The final step in this preprocessing workflow is to partition the data. This is accomplished using Scikit-learn's `train_test_split` function.

`x_train, x_test, y_train, y_test = train_test_split(...)`

This single line splits both the image data (`data`) and the corresponding `labels` into four new arrays:

  * **`x_train`**: The subset of images used for training the model (80% of the original data in this case).
  * **`x_test`**: The subset of images used for evaluating the model's performance after training (the remaining 20%).
  * **`y_train`**: The labels corresponding to the `x_train` images.
  * **`y_test`**: The labels corresponding to the `x_test` images.
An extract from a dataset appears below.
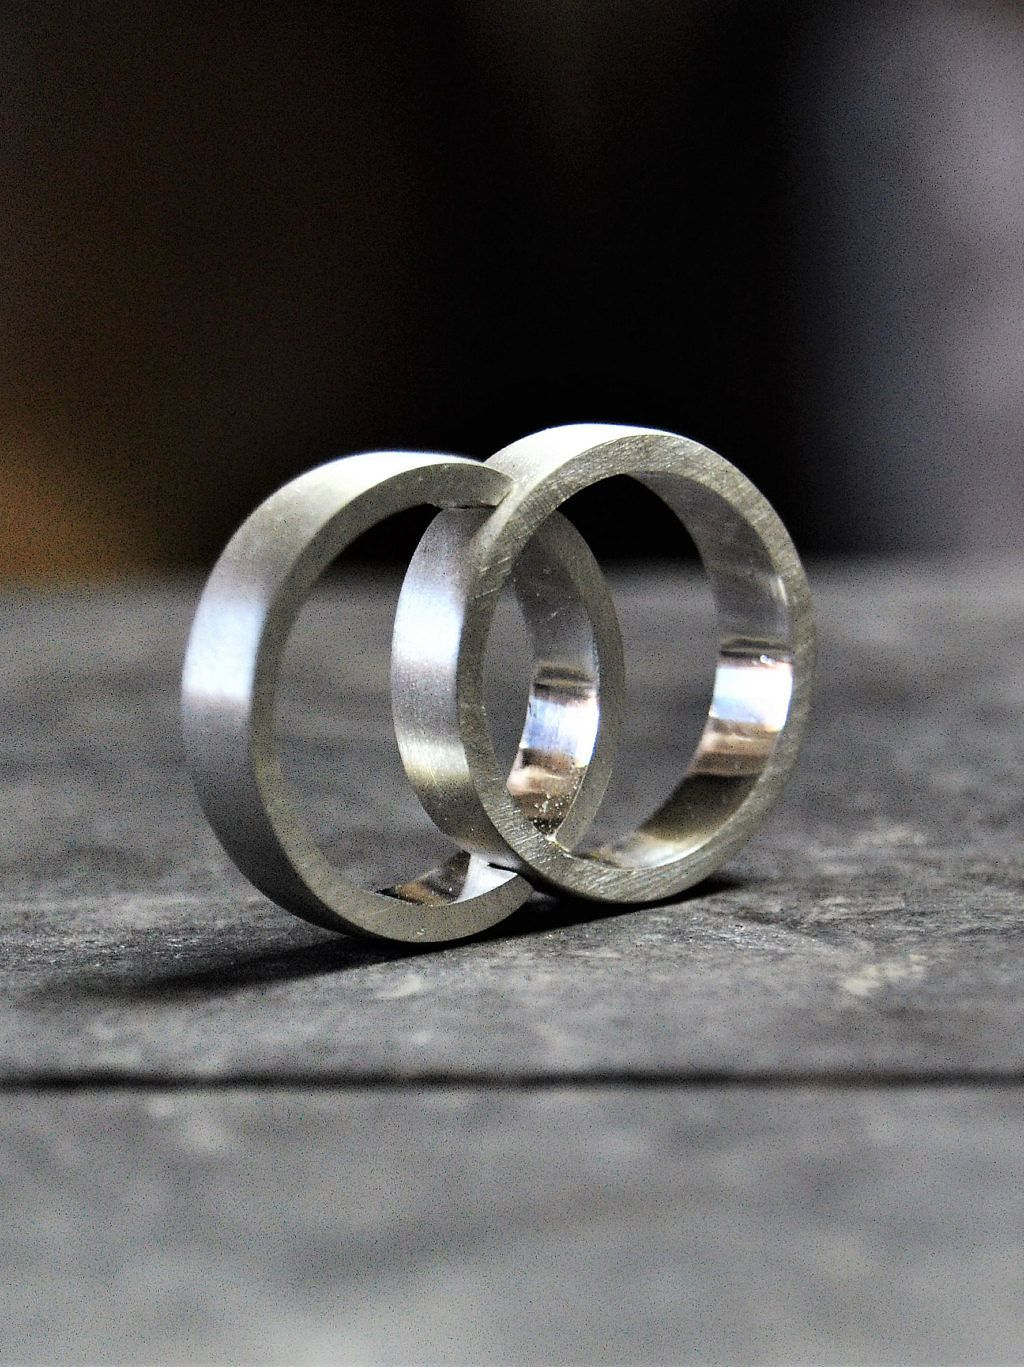 Anillos plateados de matrimonio - Anillos de compromiso sencillos ...

The function's parameters are set as follows:

  * `test_size=0.2`: Specifies that **20%** of the data should be allocated to the test set.
  * `random_state=42`: Ensures that the split is **reproducible**. Anyone who runs this code with the same `random_state` will get the exact same split, which is crucial for consistent results.
  * `stratify=labels`: This is an important parameter that ensures the proportion of each drawing category is the same in both the training and testing sets. It prevents a situation where, by random chance, one set has significantly more or fewer images of a certain category than the other.